- Data provided -
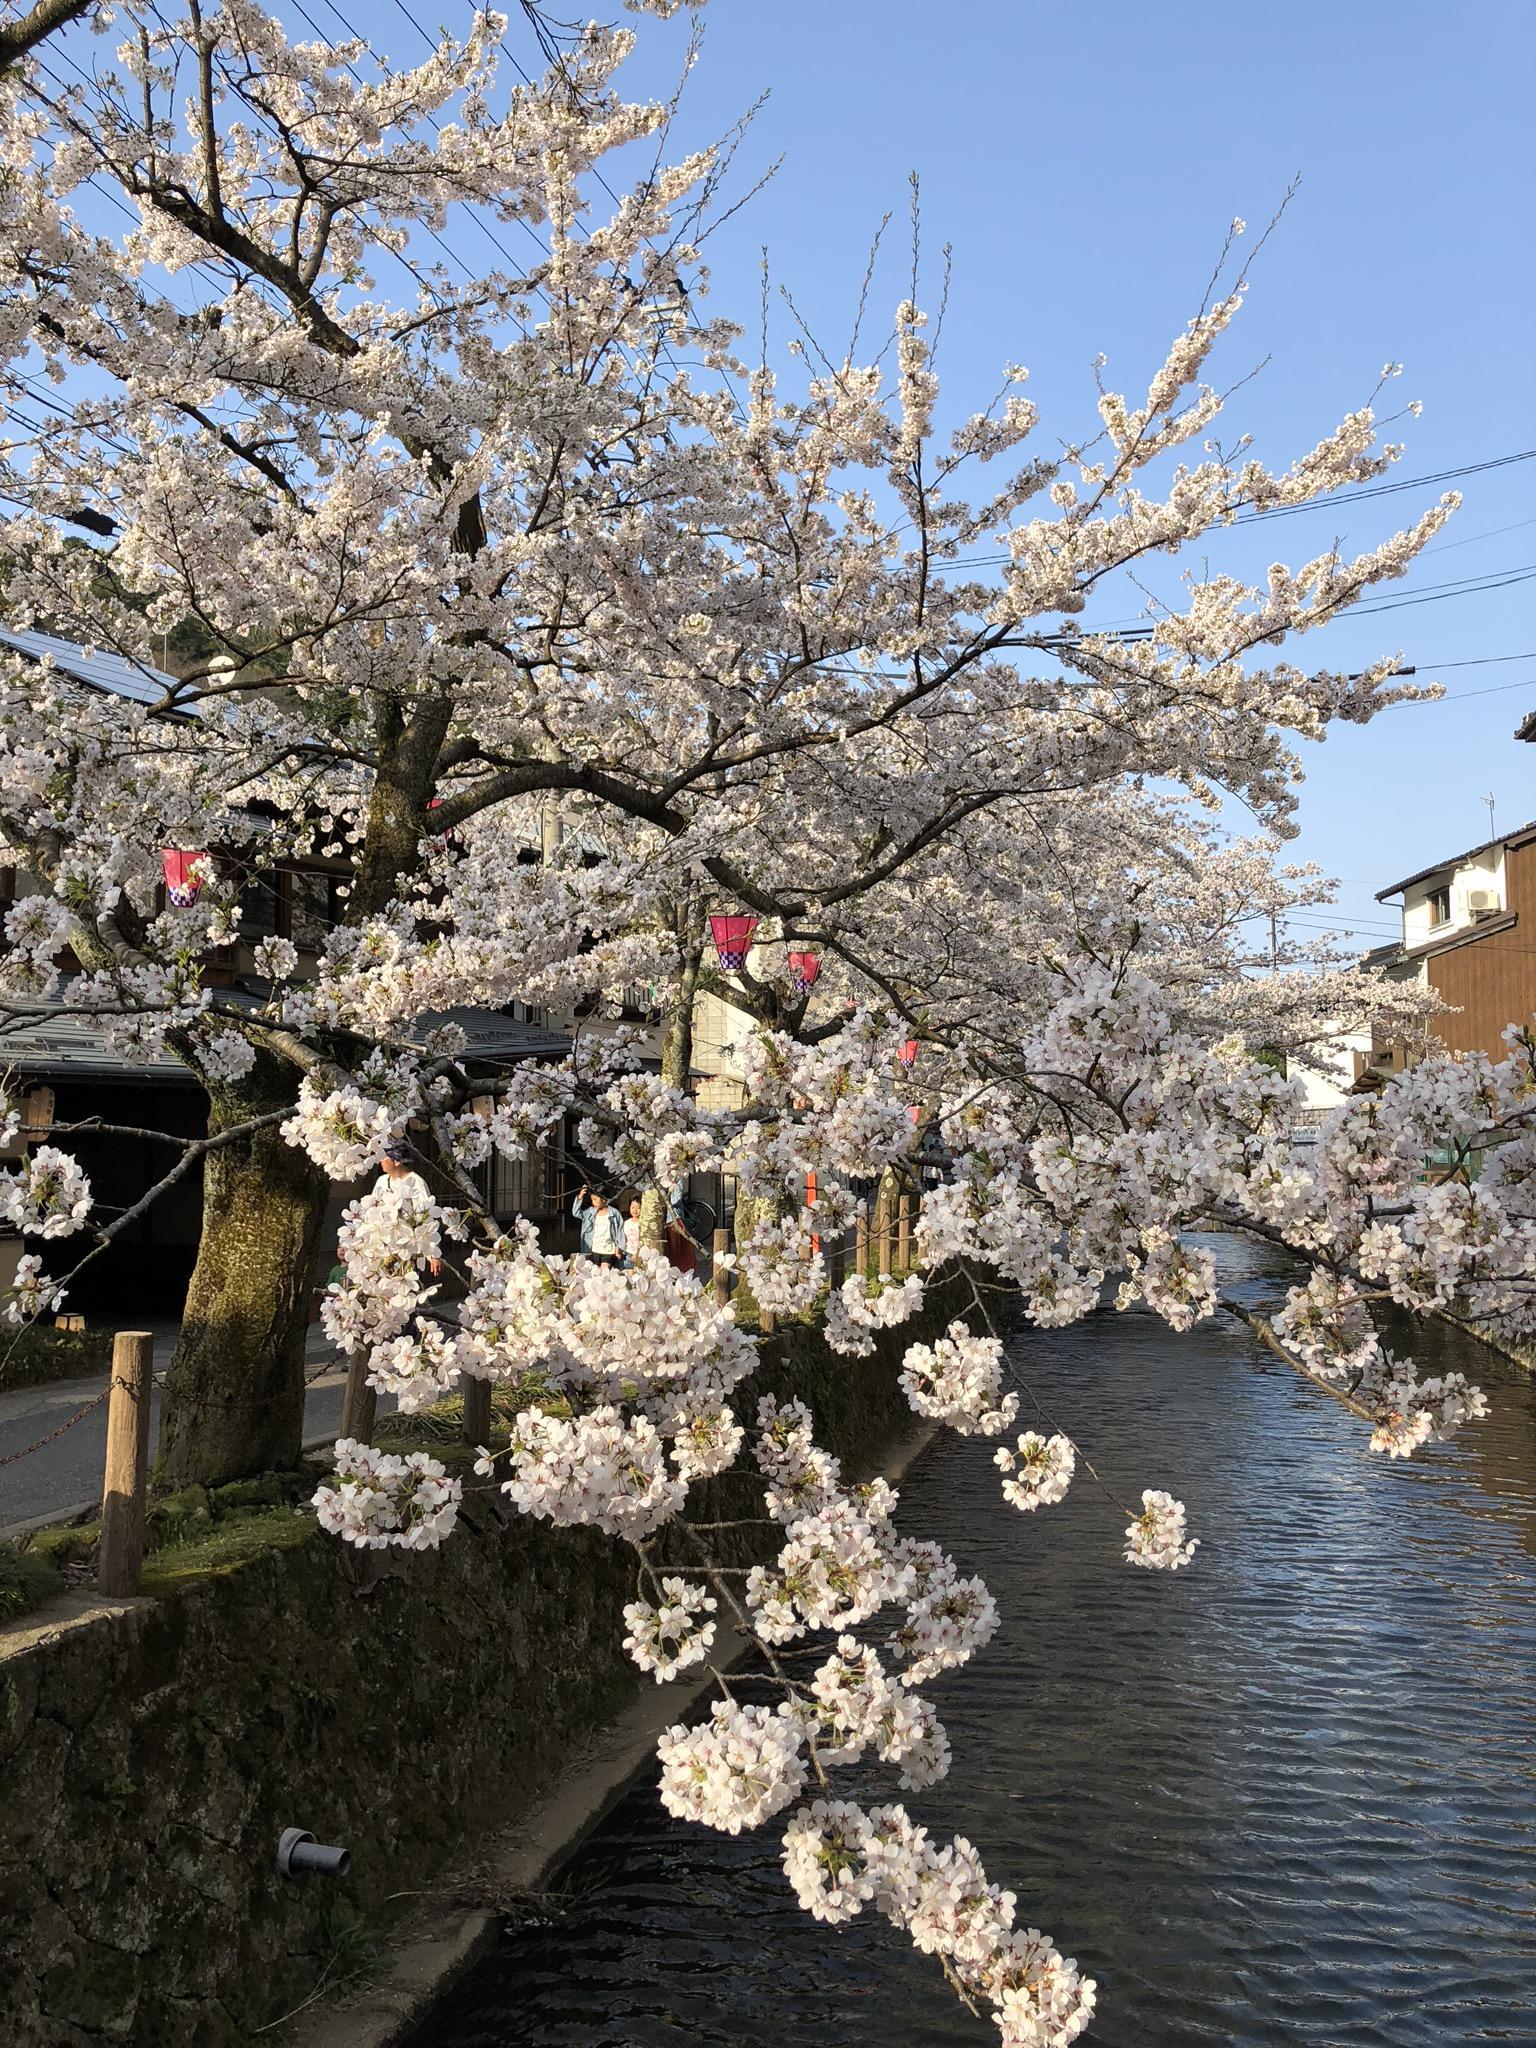 https://www.kinosaki-tajimaya.co.jp/wakadanna/19d9aeda50363e33e36276d30fea2fb51c891f90.jpg
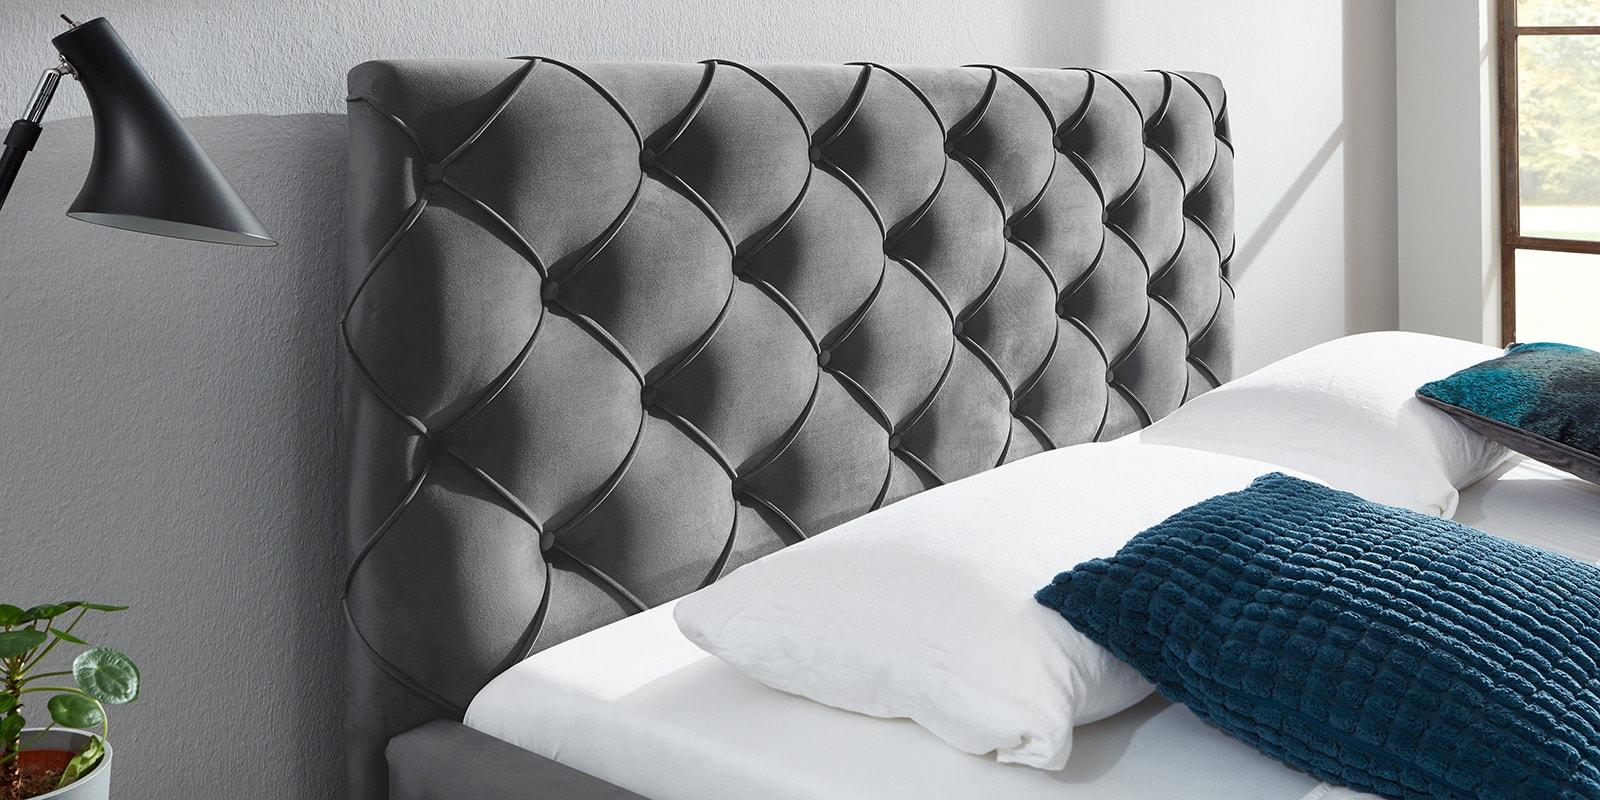 Moebella24 - Bett - mit - Bettkasten - Nelly - Samt - Grau- Kopfteil - mit - Knopfheftung - Detailaufnahme
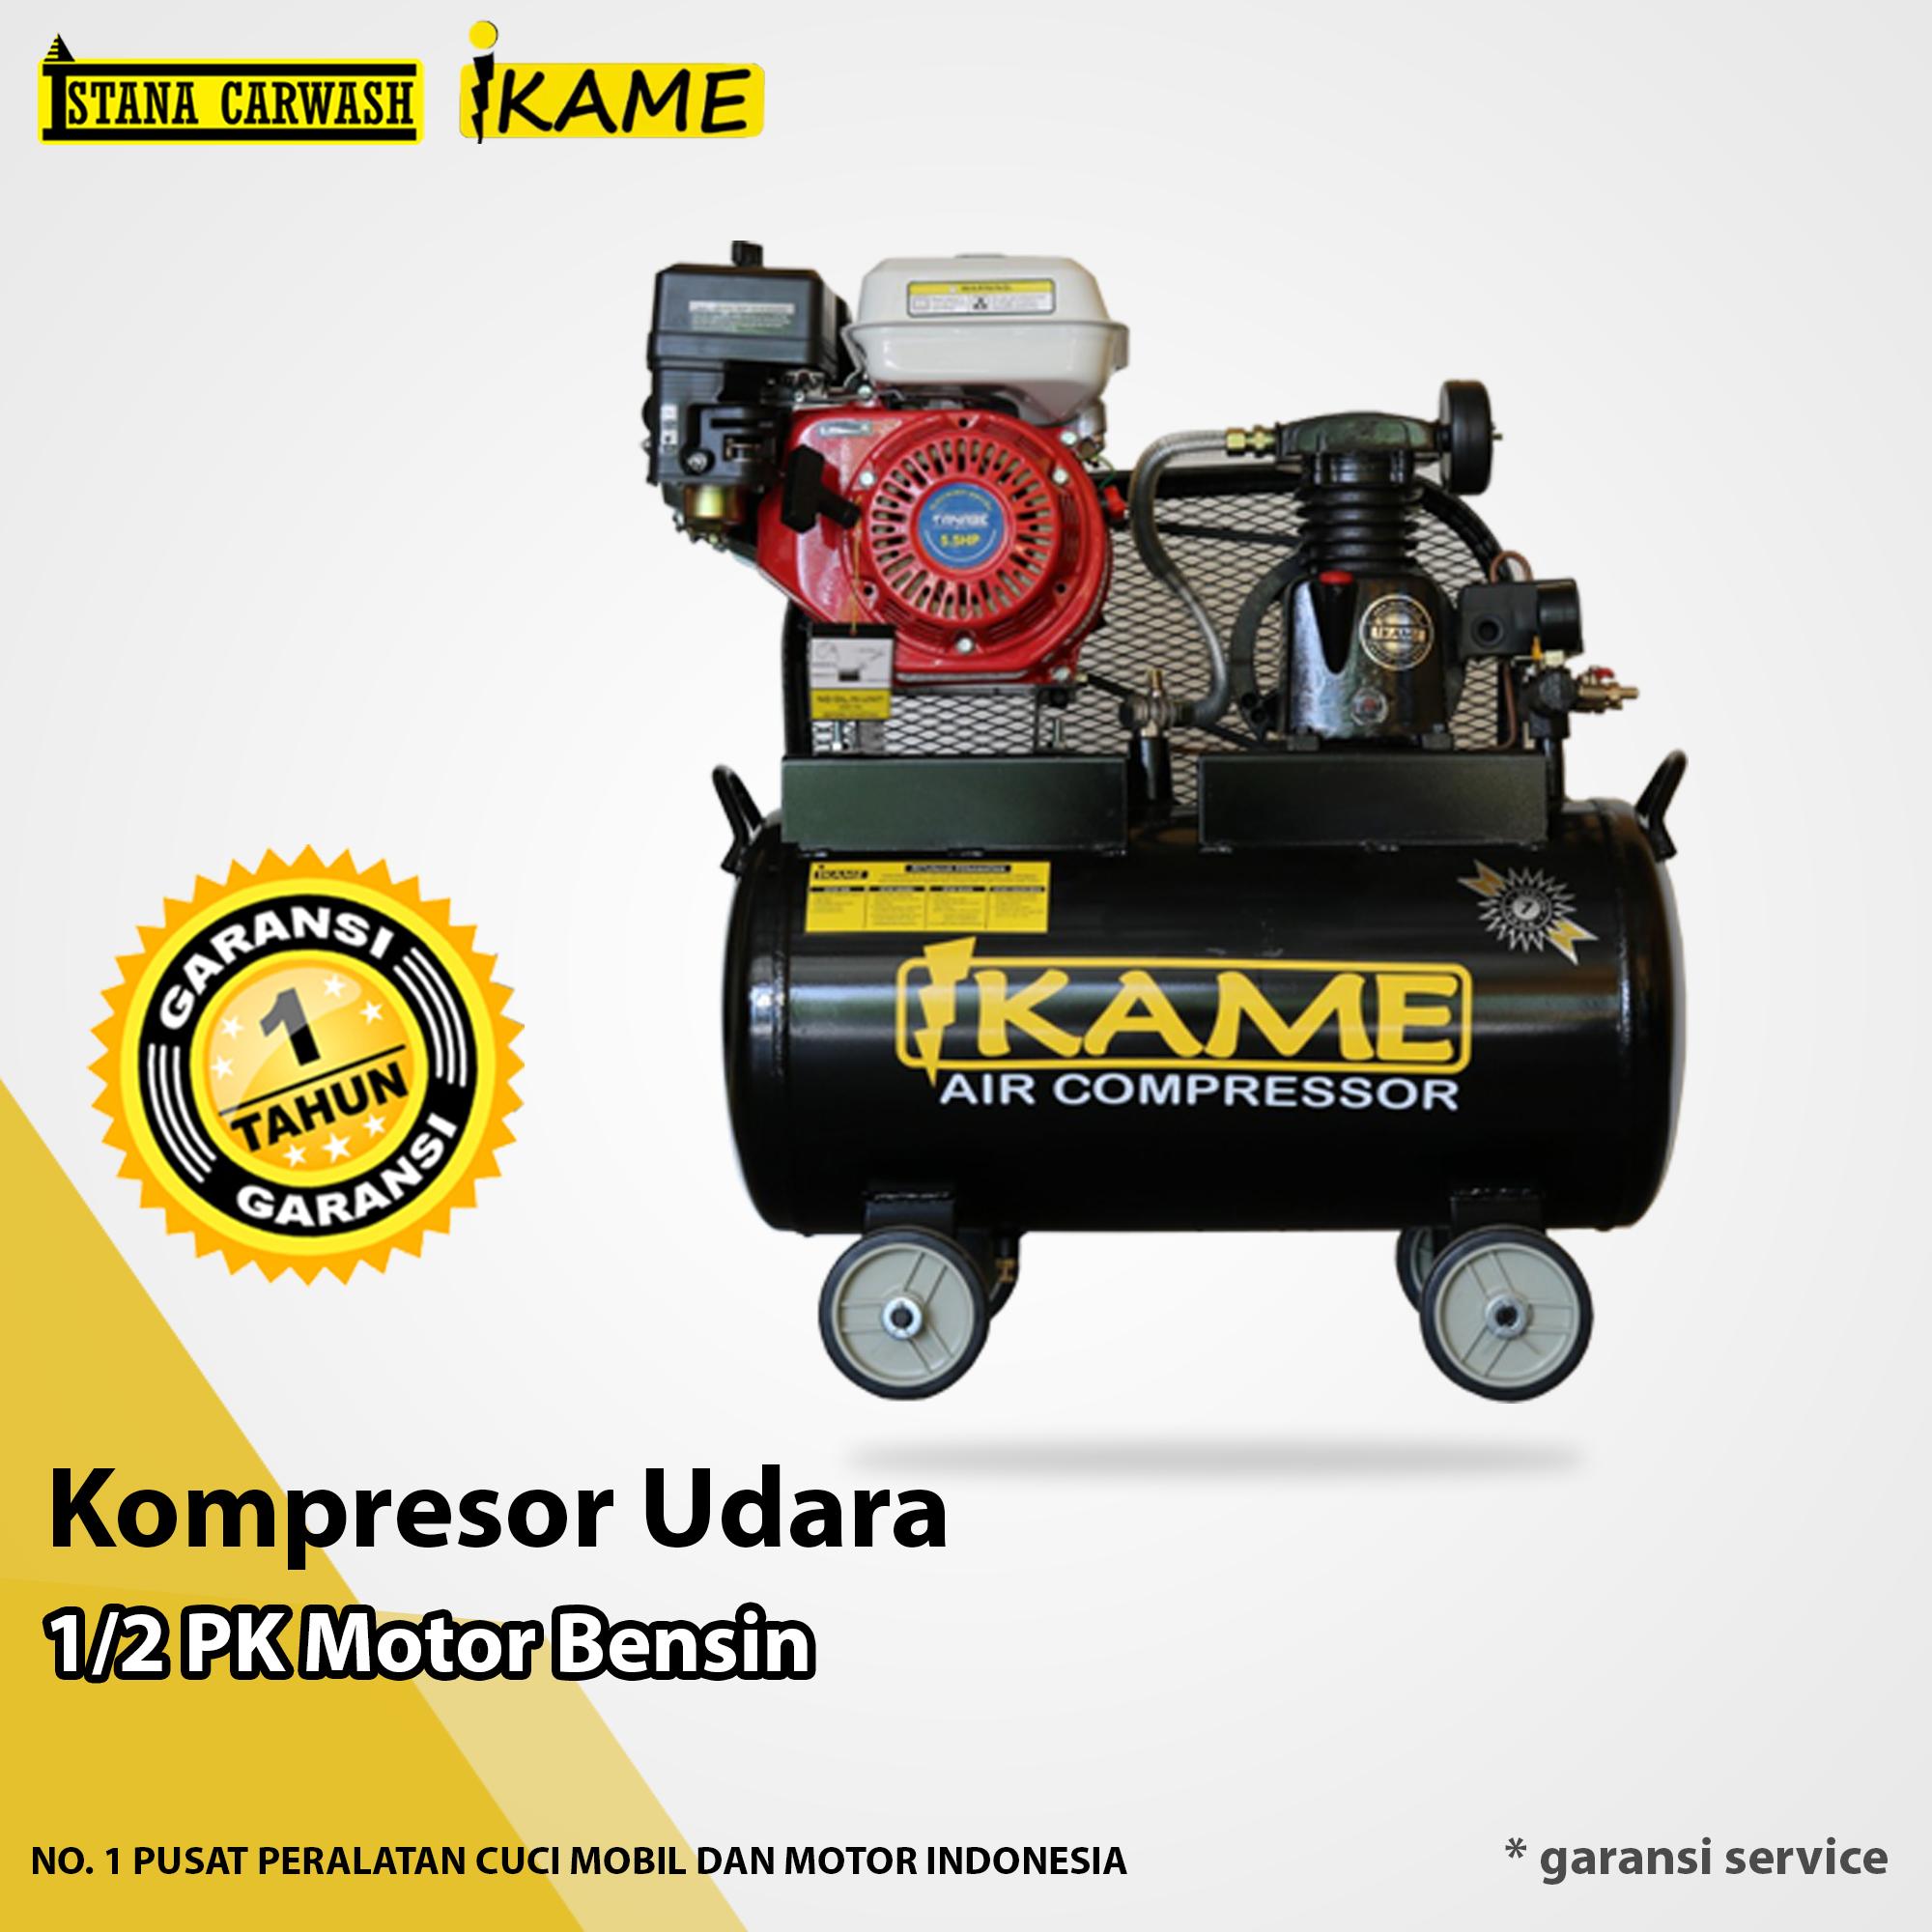 Kompresor Udara Ikame 1/2 Pk Motor Bensin
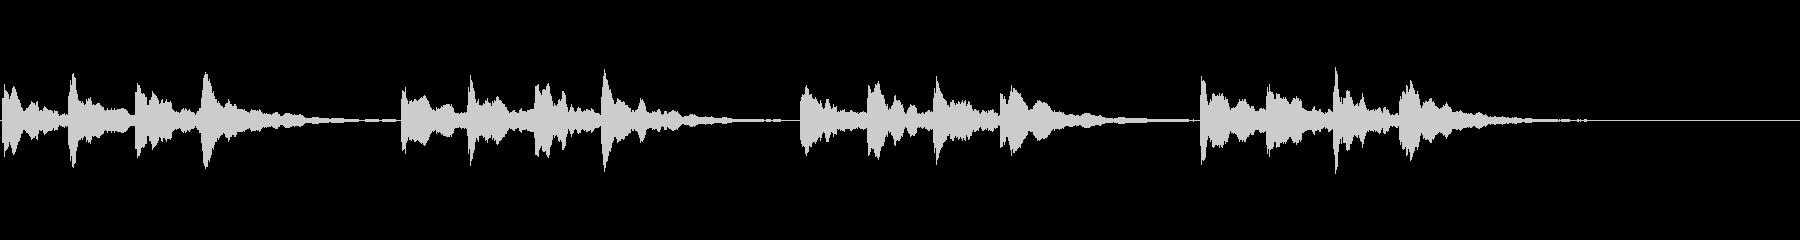 チャイム 教会用の未再生の波形

- Requirement -
Retype the lines starting with the one that holds "Moebella24 - Bett" and ending with the last line of the data above, both included; skip the pictures.

- The answer -
 Moebella24 - Bett - mit - Bettkasten - Nelly - Samt - Grau- Kopfteil - mit - Knopfheftung - Detailaufnahme
 Kompresor Udara Ikame 1/2 Pk Motor Bensin
 チャイム 教会用の未再生の波形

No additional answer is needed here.